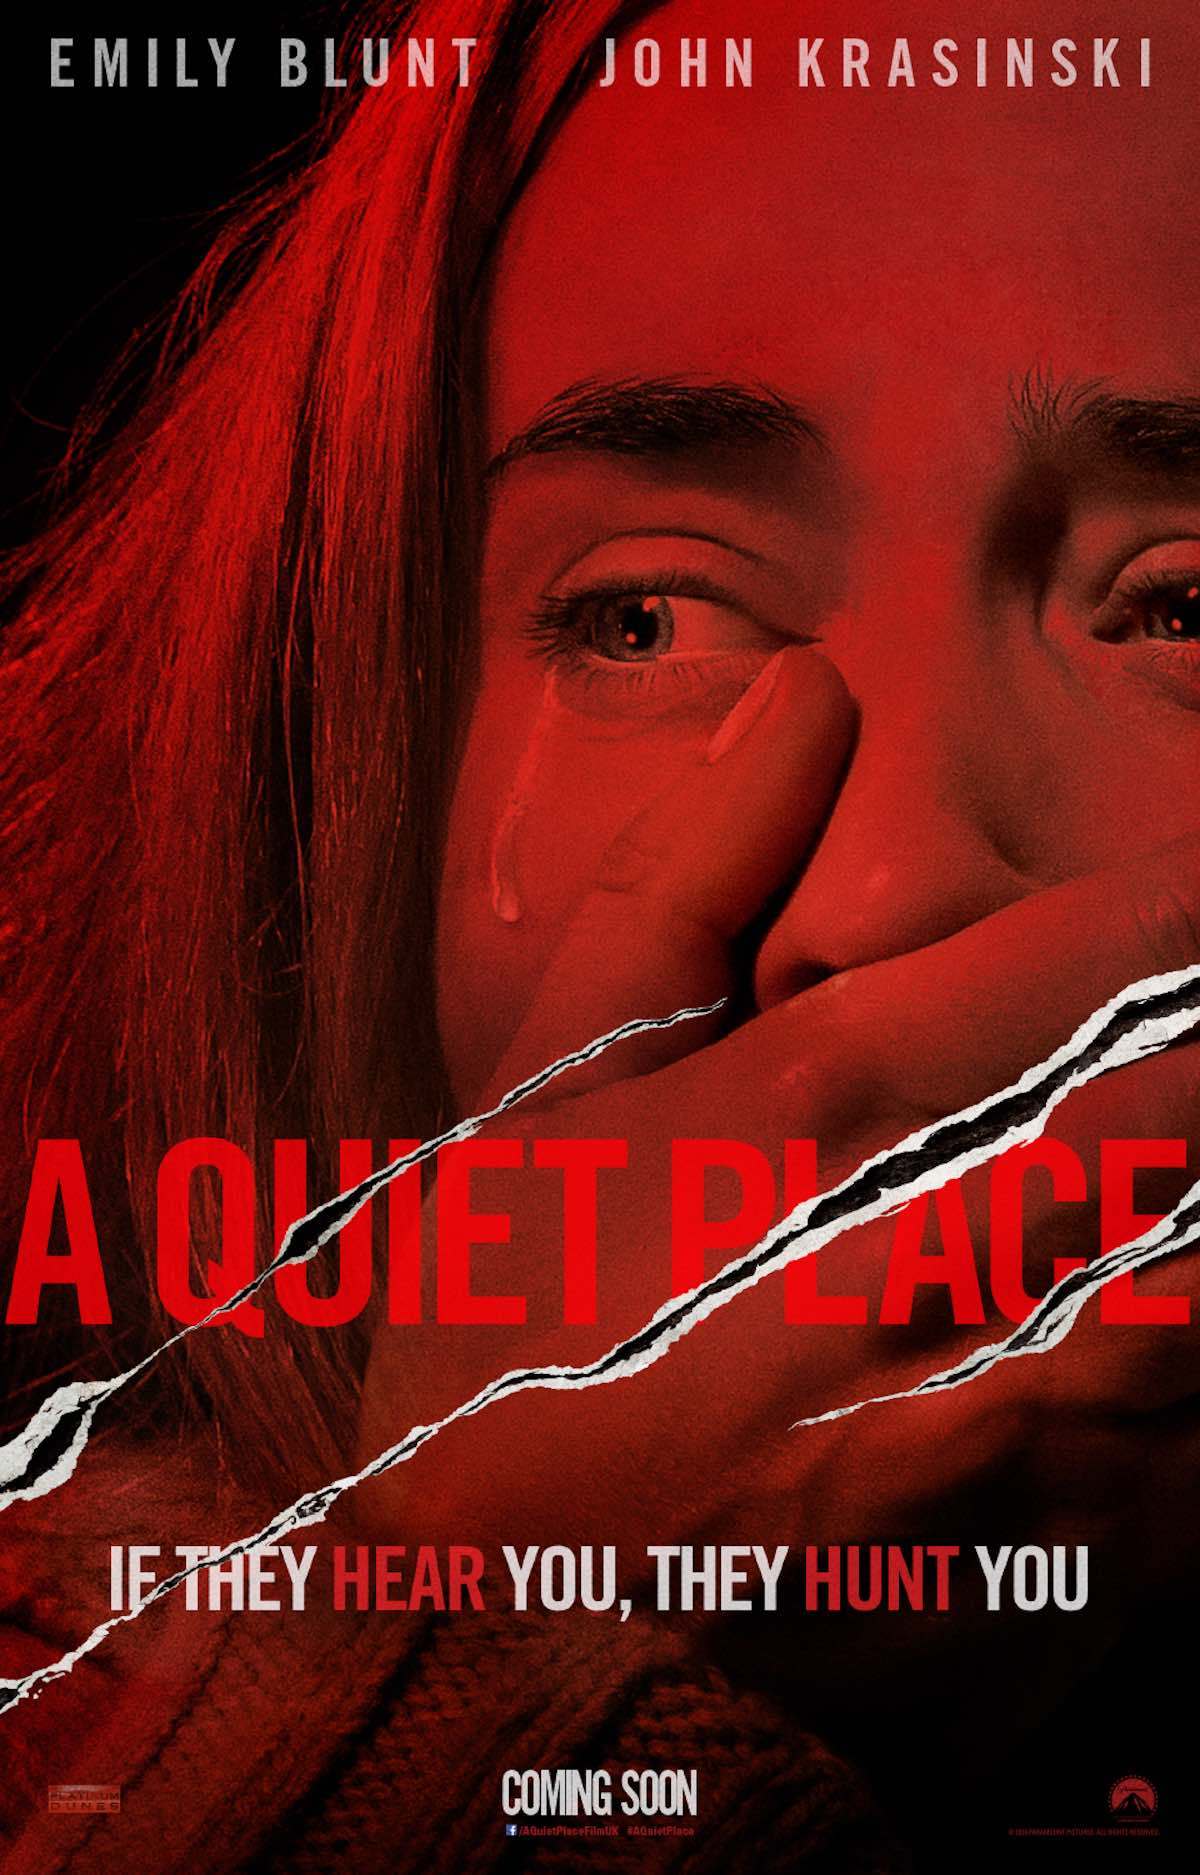 Poster do filme, que mostra a atriz Emily Blunt com olhar assustado, chorando, cobrindo a boca com as mãos. O Título do filme está arranhado por 3 garras, como se tivesse cortado o papel.
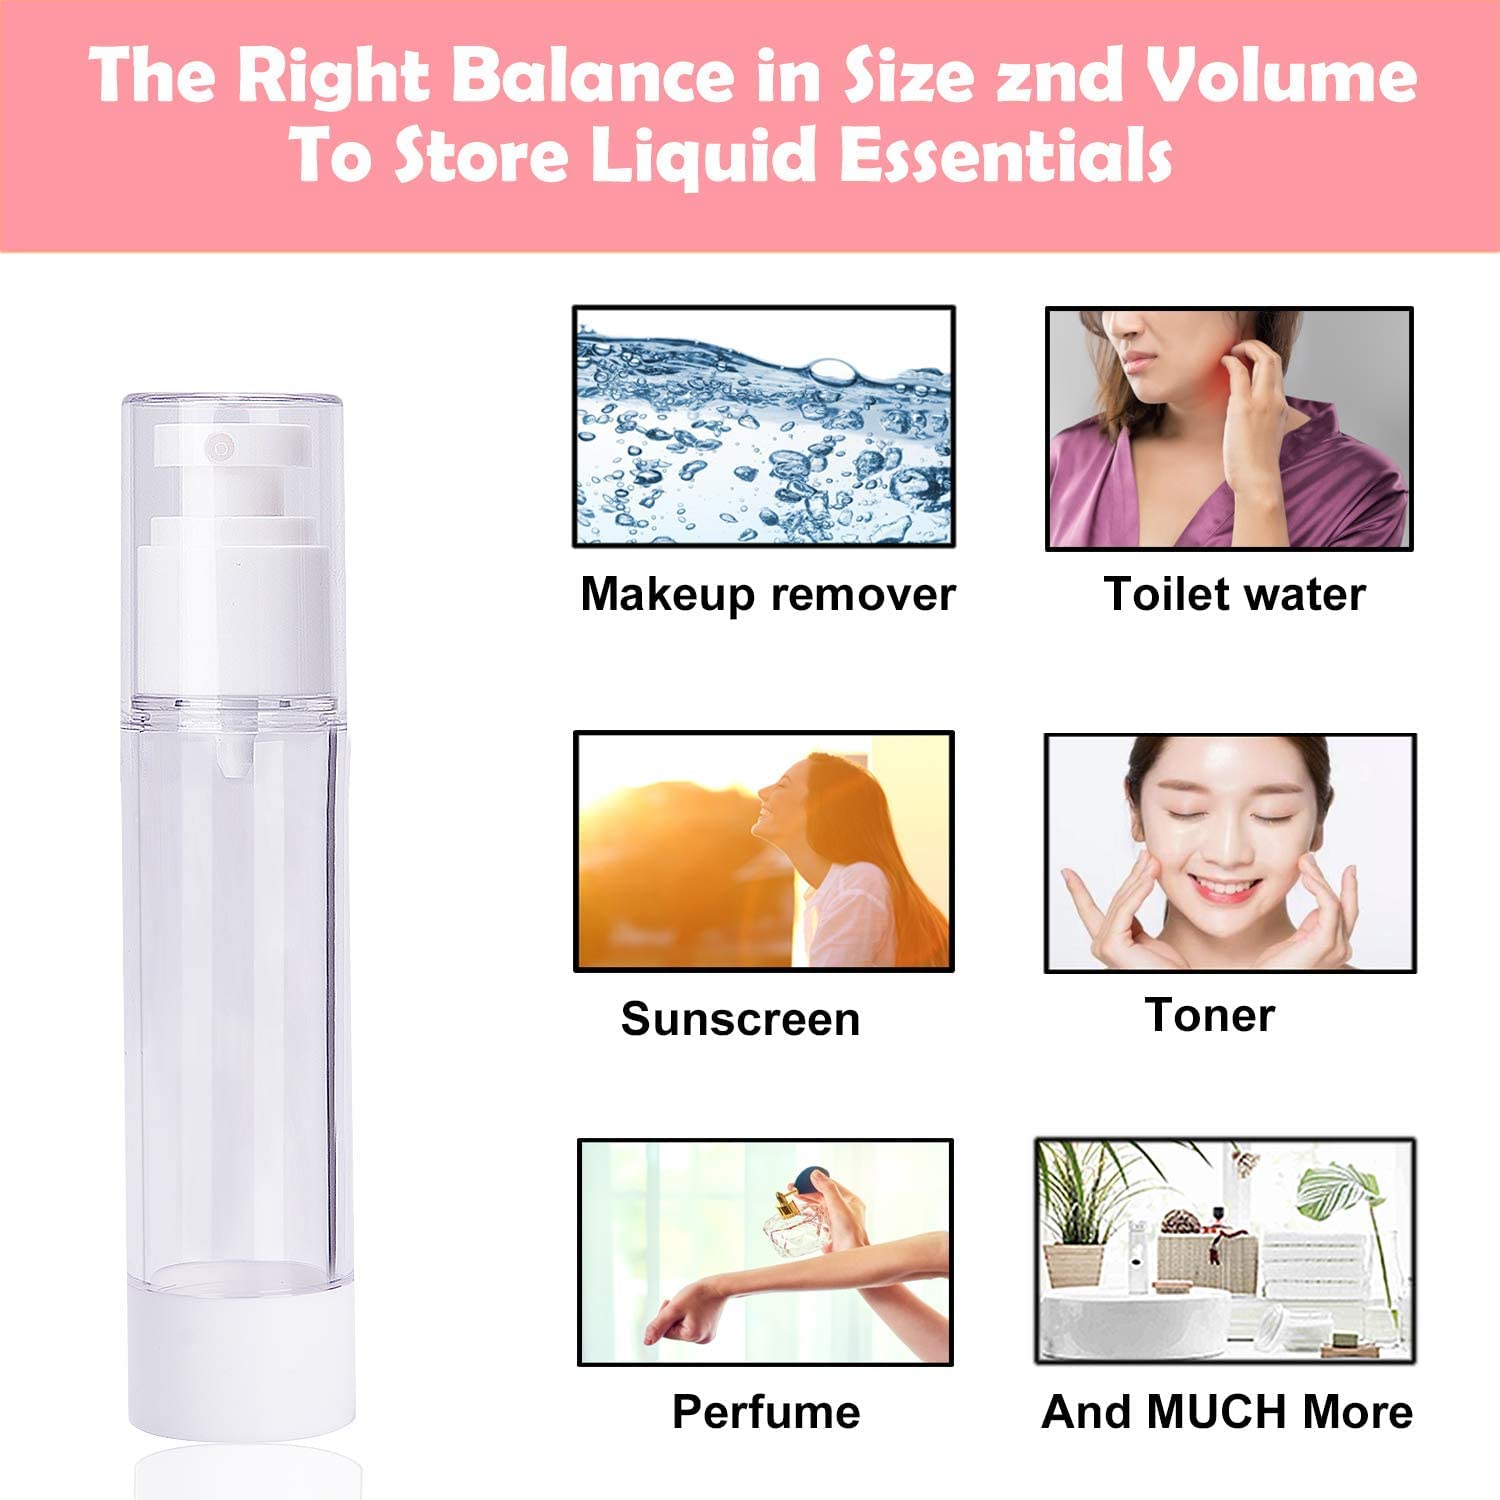 volume to store liquid essentials
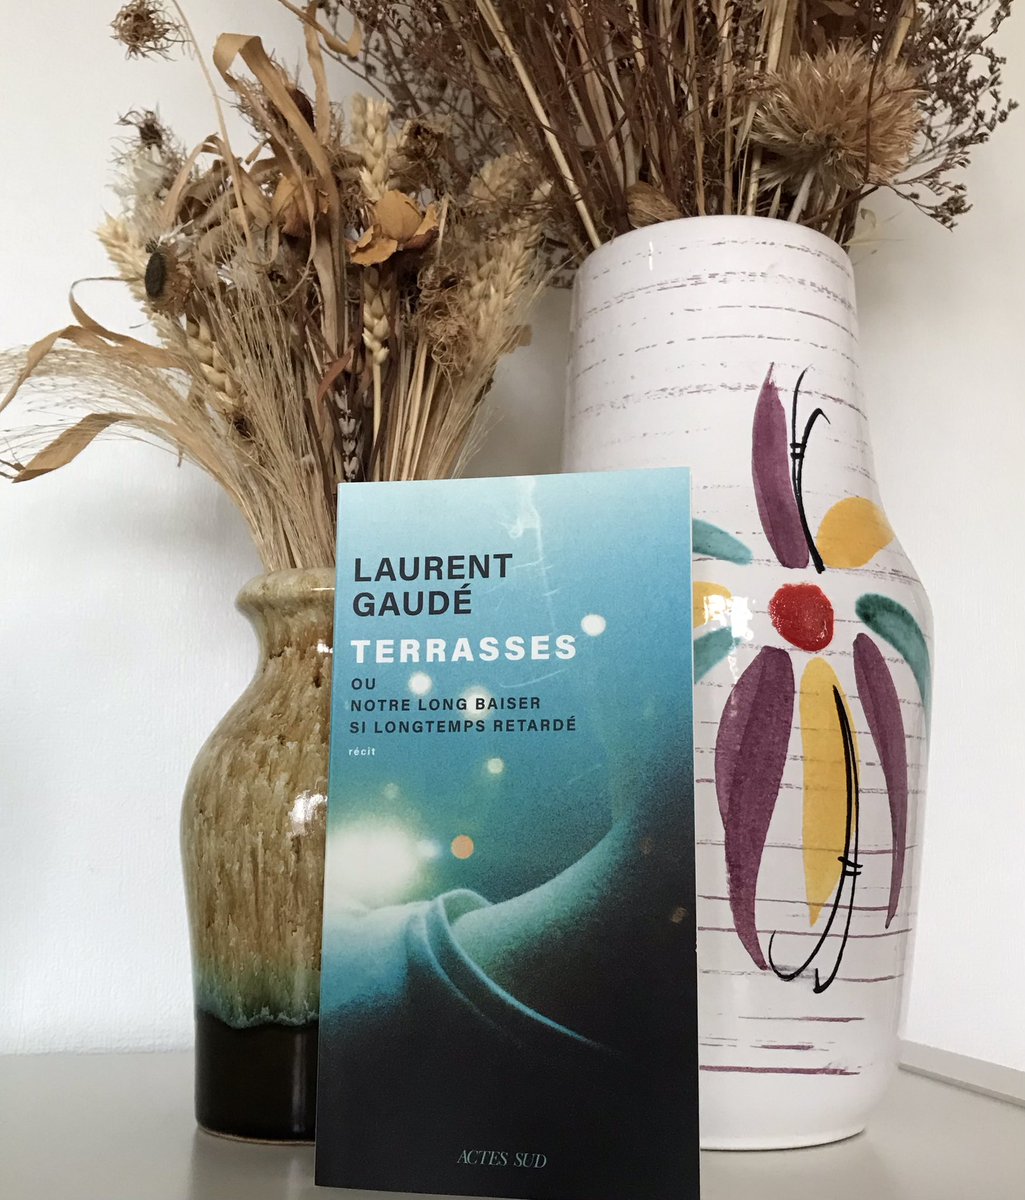 « Terrasses, ou notre long baiser si longtemps retardé », de #LaurentGaudé. Muette d’émotion devant la puissance de ce récit #13novembre2015 #books 📚

◇ ◇ ◇ ◇ ◇

→ **Your assignment**: Your copy should hold exactly and only the lines from the one containing "volume to store liquid essentials" through the end of the material, inclusive, repeated word for word and without pictures.

→ **Response area**:
 volume to store liquid essentials
 « Terrasses, ou notre long baiser si longtemps retardé », de #LaurentGaudé. Muette d’émotion devant la puissance de ce récit #13novembre2015 #books 📚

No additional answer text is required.